## Given data
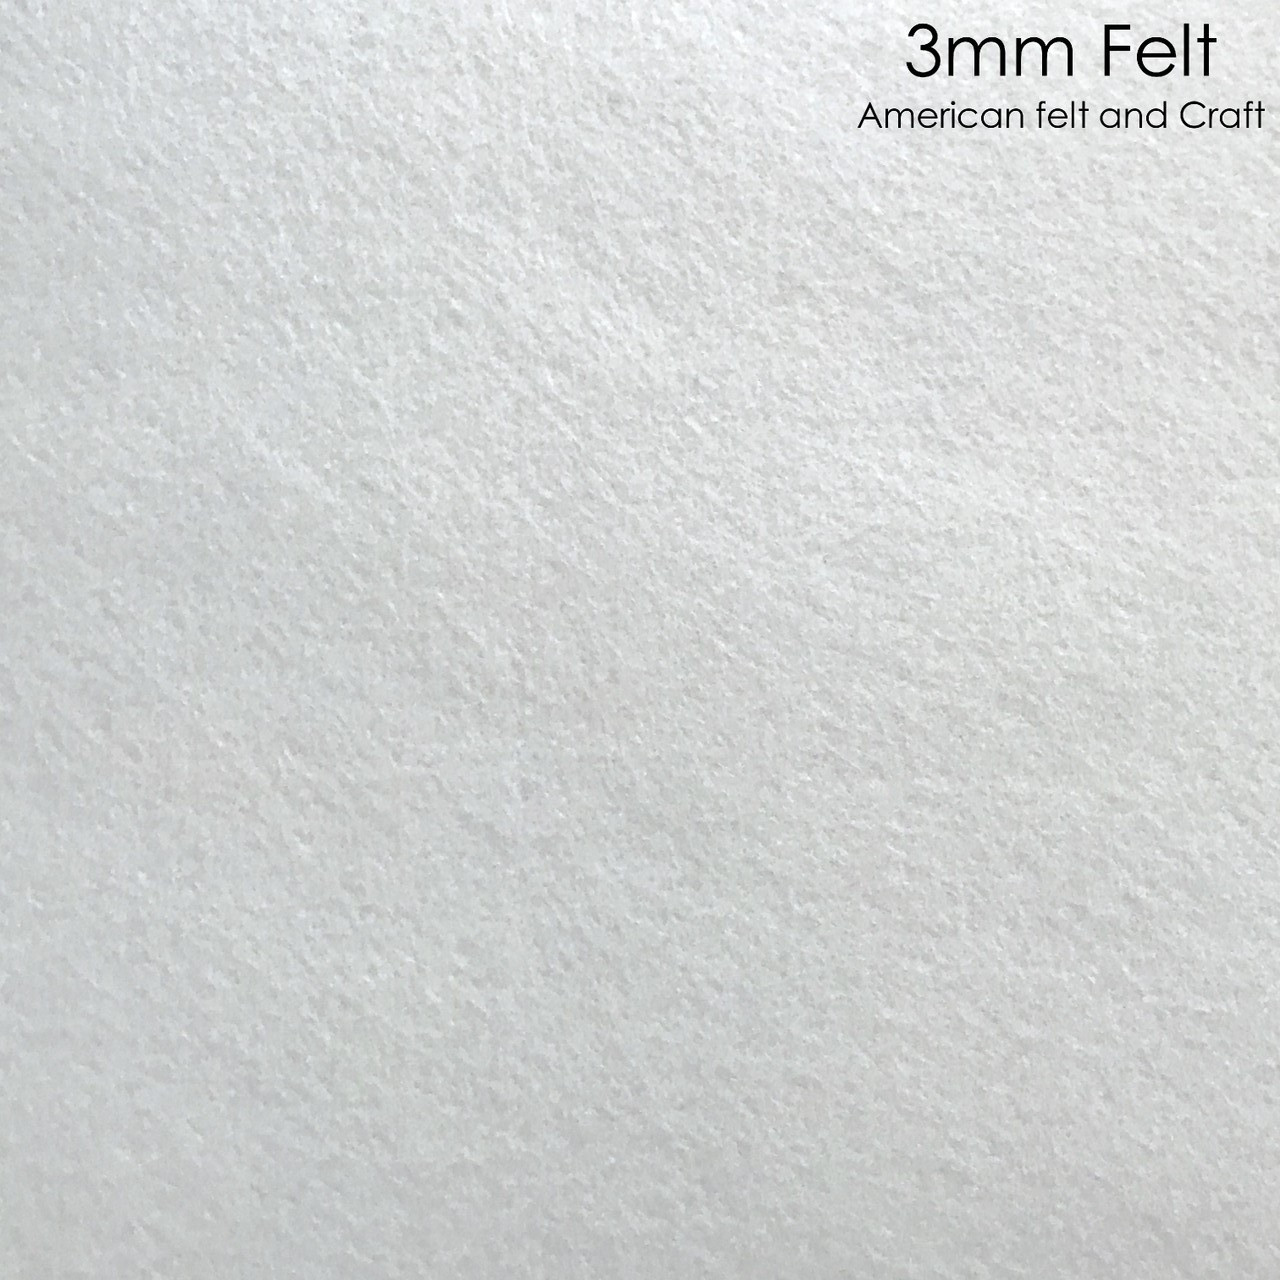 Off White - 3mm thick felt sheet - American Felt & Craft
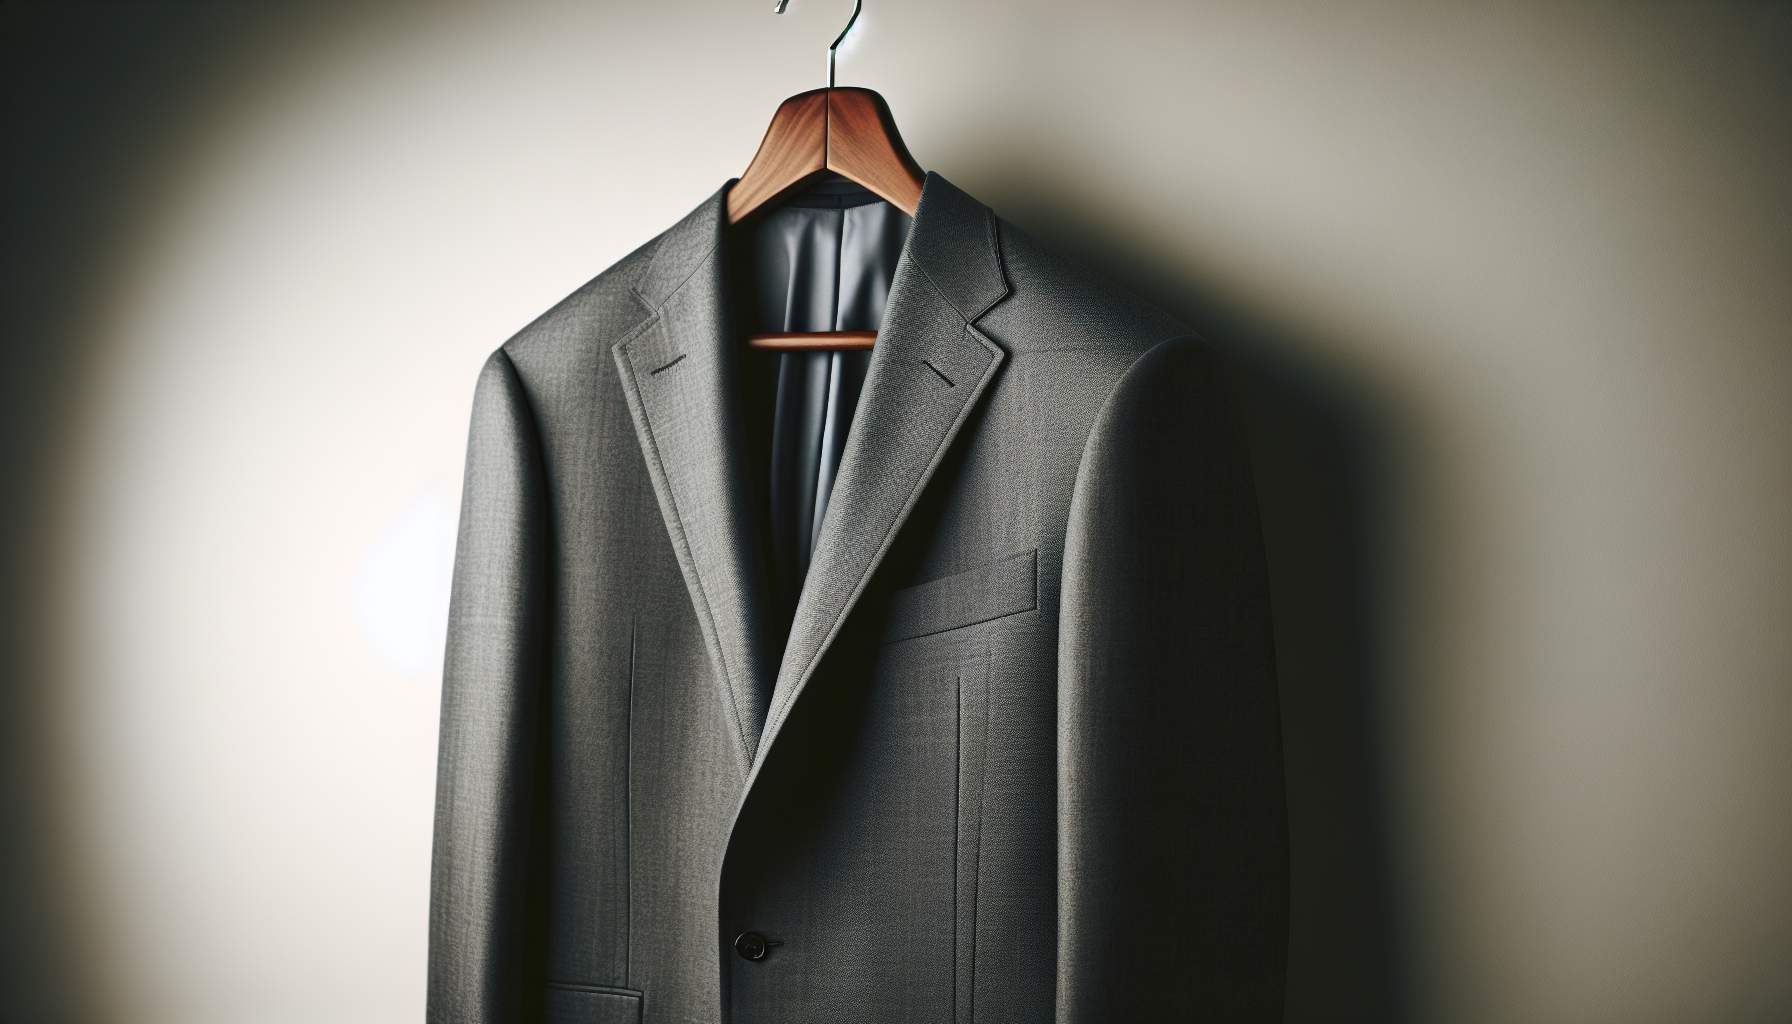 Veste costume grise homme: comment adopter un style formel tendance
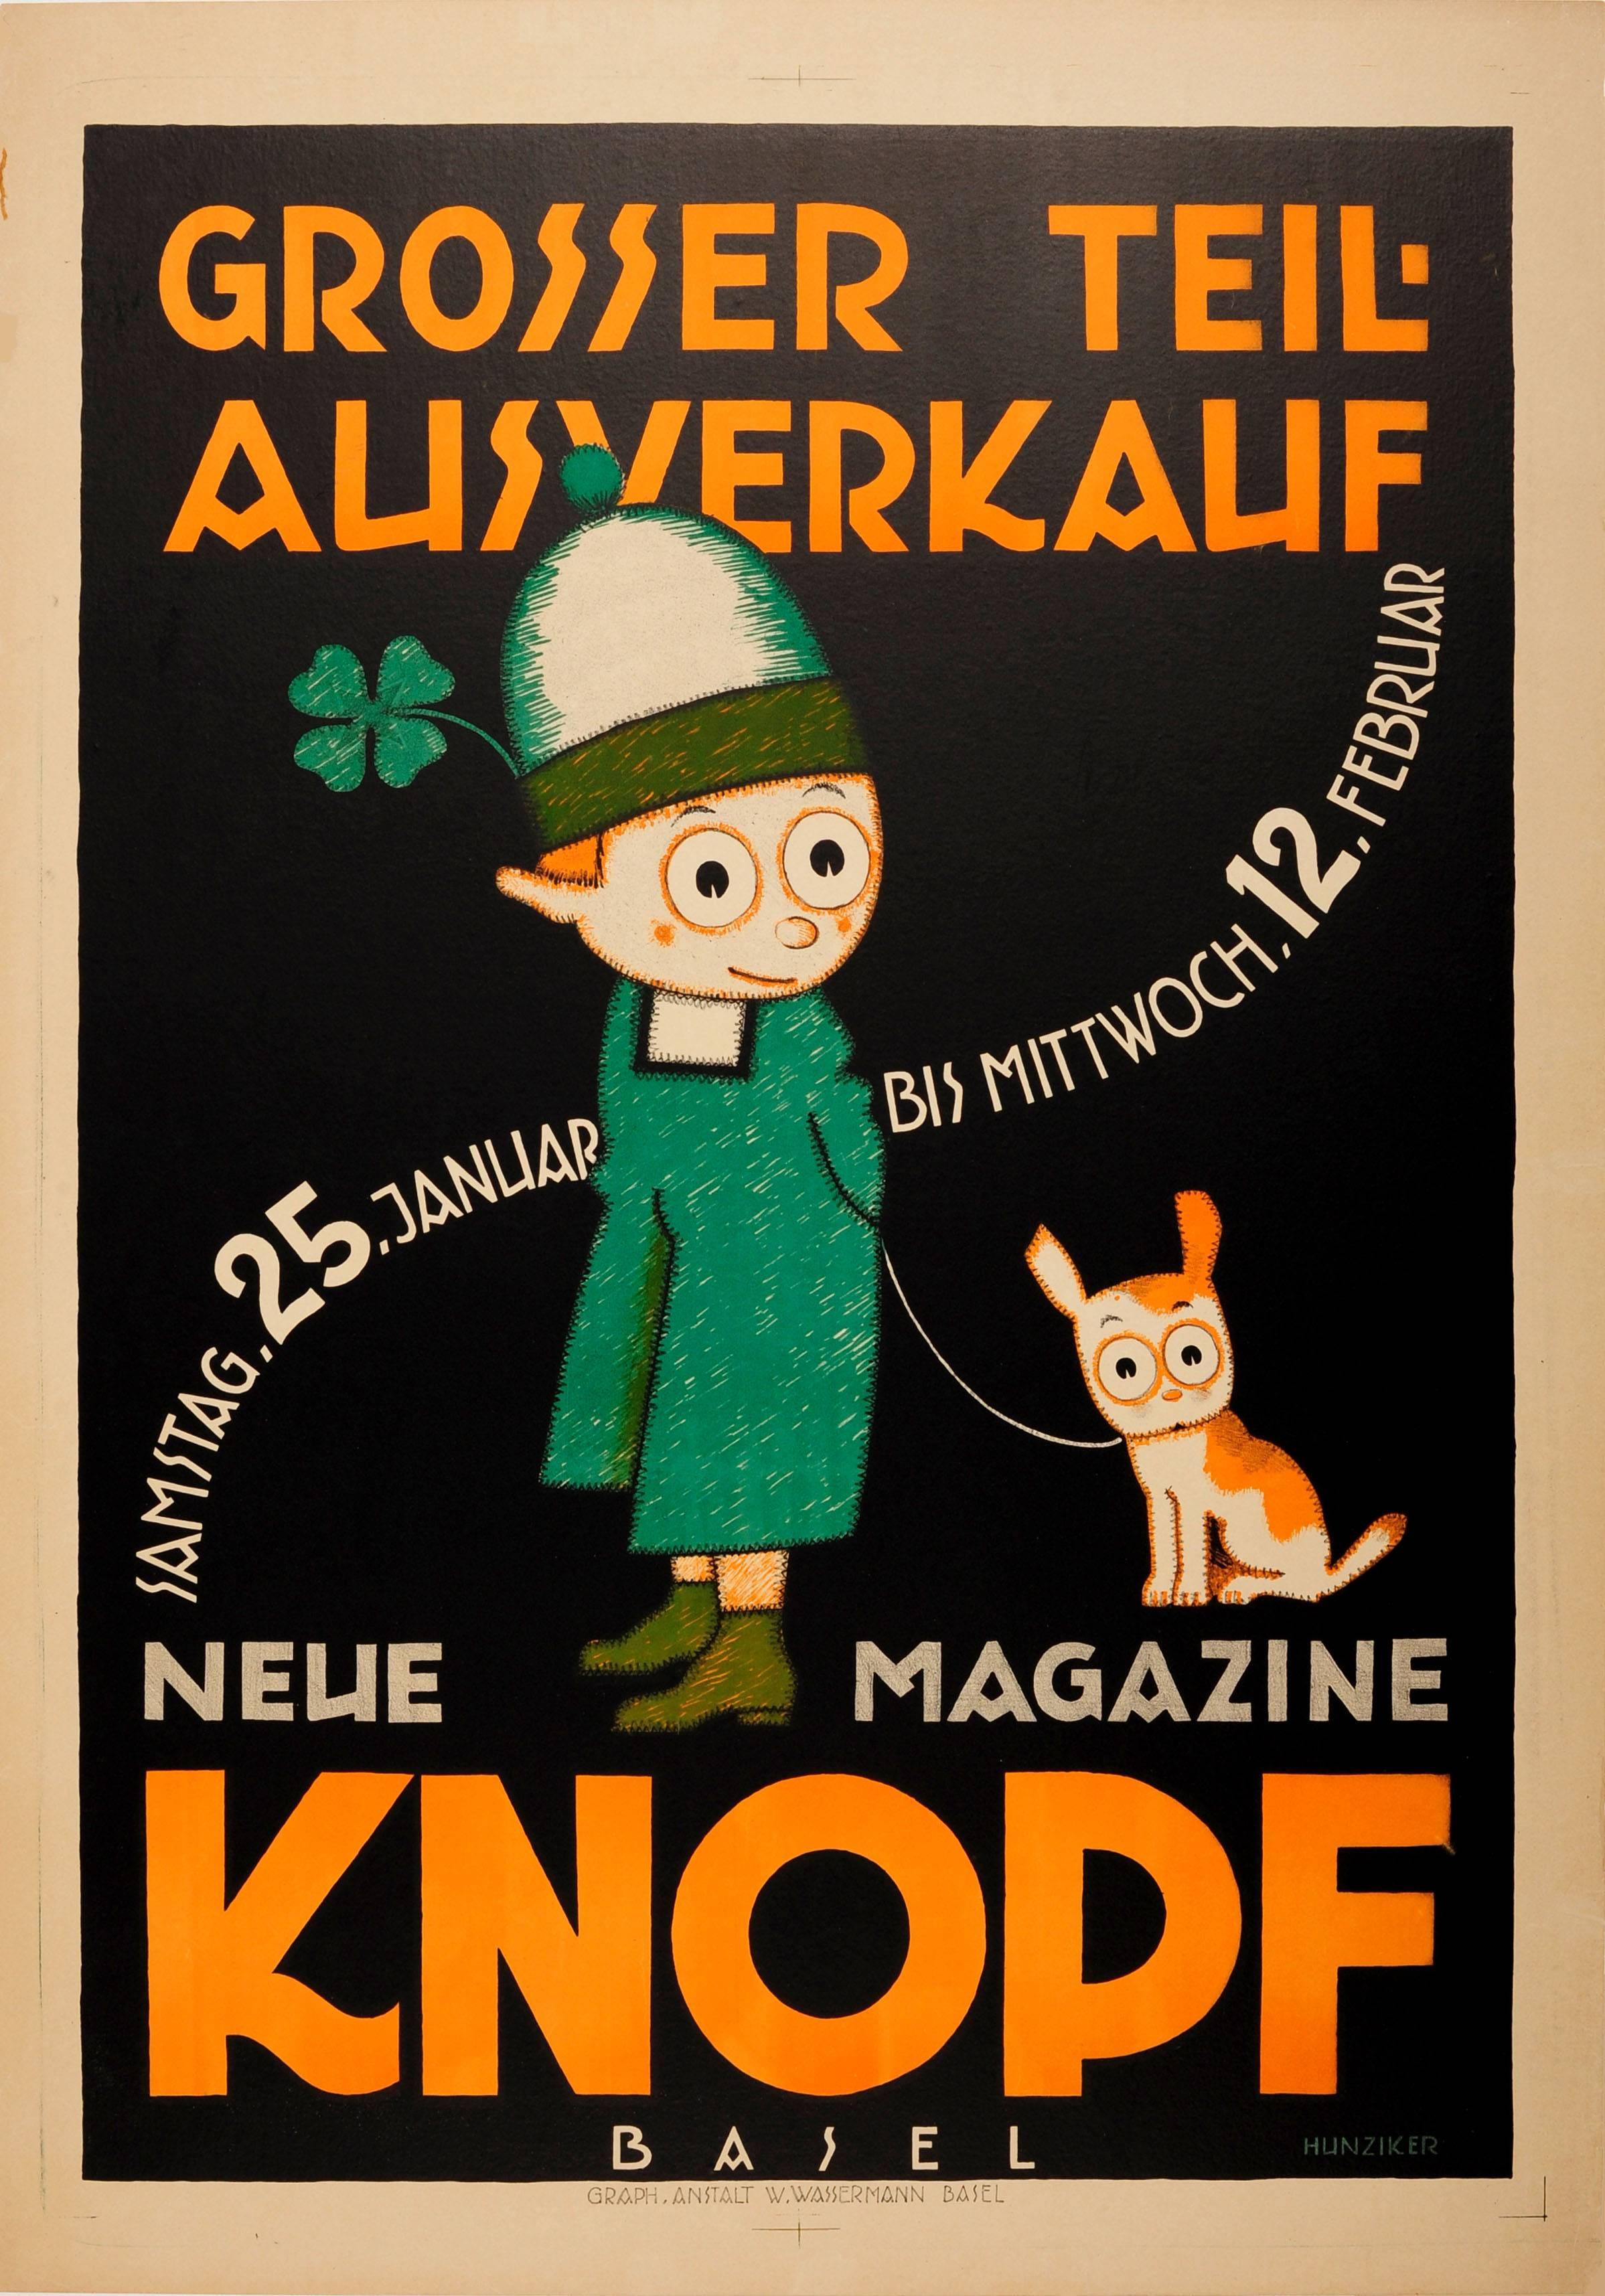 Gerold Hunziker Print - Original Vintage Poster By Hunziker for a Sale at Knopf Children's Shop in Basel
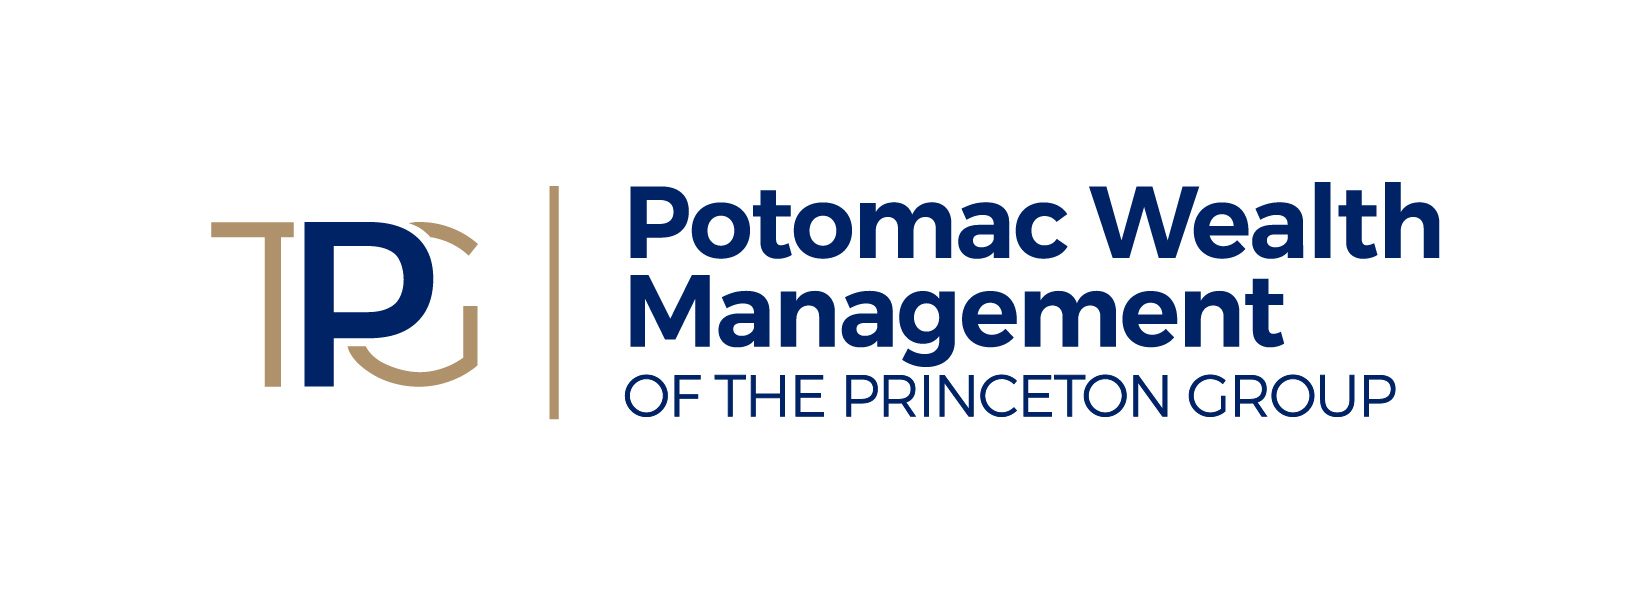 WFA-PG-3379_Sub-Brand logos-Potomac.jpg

## What you have to do
Leaving aside every picture, transcribe exactly the lines that run from the one with "Gerold Hunziker Print" to the close of the listing above.

## Response box
 Gerold Hunziker Print - Original Vintage Poster By Hunziker for a Sale at Knopf Children's Shop in Basel
 WFA-PG-3379_Sub-Brand logos-Potomac.jpg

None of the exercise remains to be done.